Some version of you existed some time ago. Another version of you will exist in the future. We will overcome problems that have already been solved and others will come to the same solutions another day in the future, as though everything you did never truly mattered in the first place. And that is why history repeats itself. Are you offended yet?

Another version of our project existed some time ago. A project on “home.” Now, the context is different and the message is unique. Do they have a right to coexist?

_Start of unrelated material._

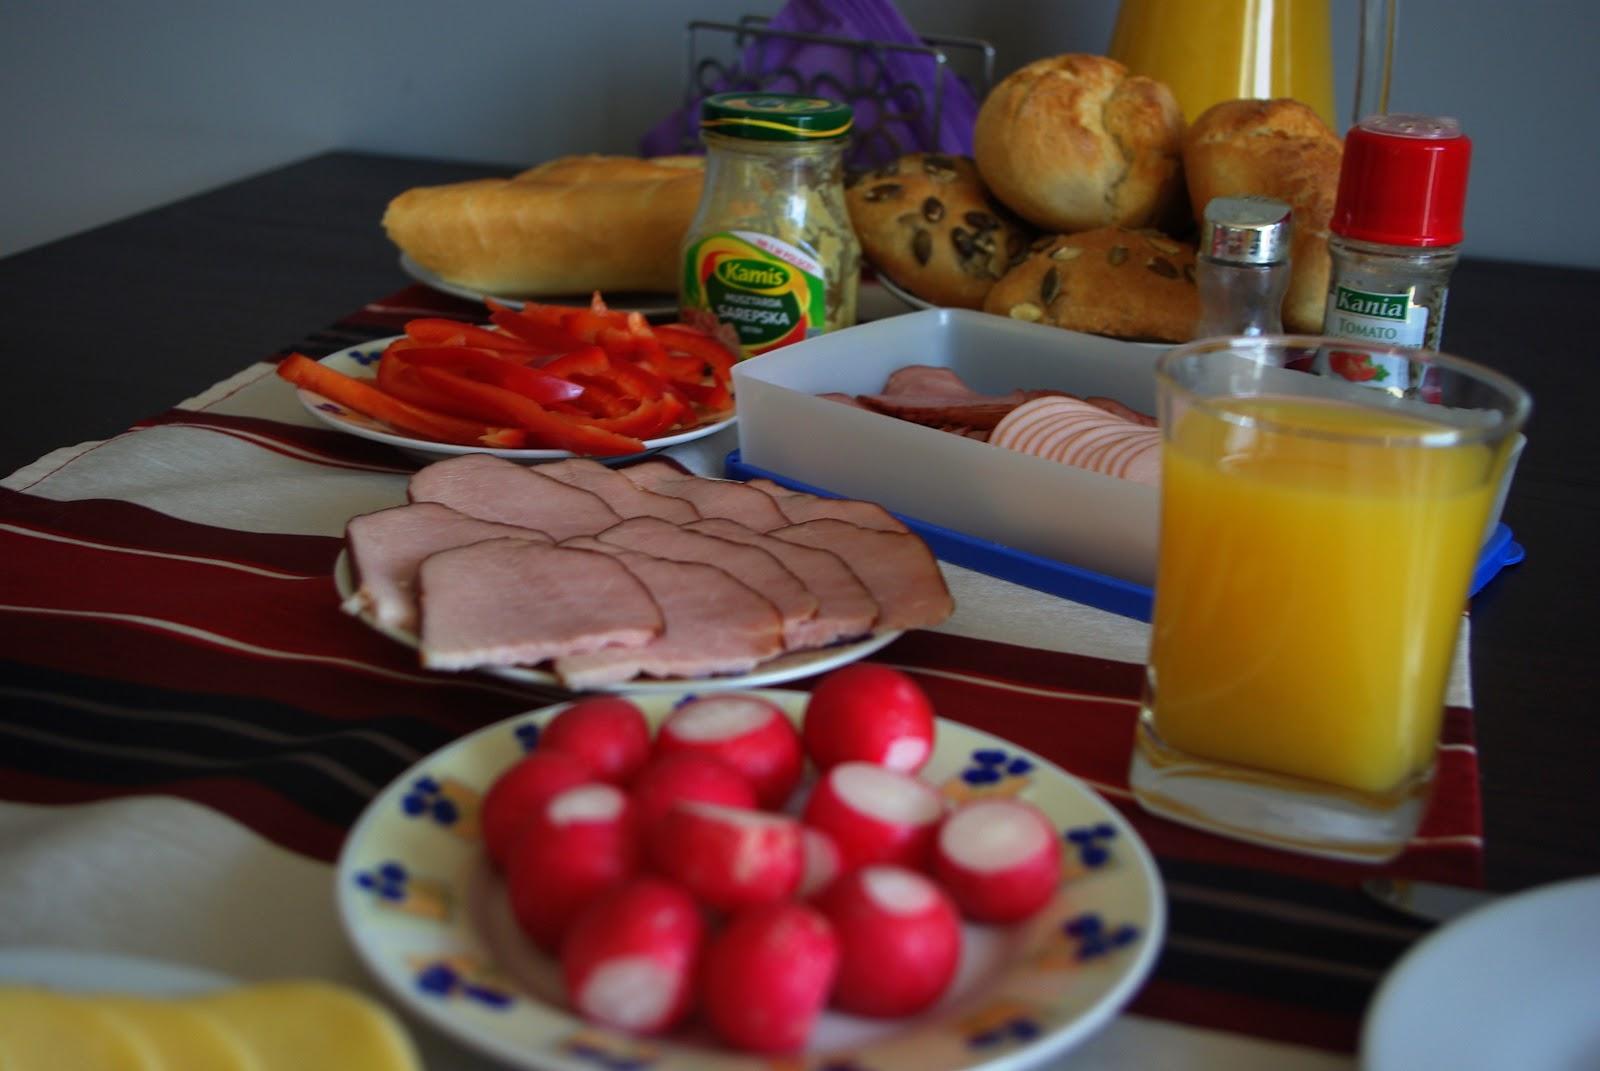 Śniadanie - najważniejszy posiłek w ciągu dnia.

And so the only thing left to do is to march on to the drum of life, living in false hope and a false reality of believing that we can actually create something new and something different even though we cannot. Are you offended yet?

2 Comments

  1. janavedano05

    I found the video project to be really interesting and well put-together. The editing was great, and the sequence of videos captured the theme well. The most interesting thing to me was actually in the manifesto, the idea that history will always repeat itself. I think that’s an important realization because as much as we do pass on knowledge from generation to generation, we can’t pass on personal experiences in the same, effective way. We can tell people about historical events and the consequences, but we can’t tell future generations about personal experiences because everyone’s circumstances are different, and one solution may not work for the next generation as well as it did for the first. We end up circling back and solving the same problems until we have grown and matured, and begin to handle much bigger issues, which is when we need to pay close attention to history.

  2. elliegillis

    Your video is very well edited and thought out. I like how cohesive it is with your manifesto, where everything flows together and shows how one idea leads to another and connects all of us through our art and expressions. It was very cool to see how different everyone’s takes on art were, and how even when people shared similar ideas no two responses were exactly the same.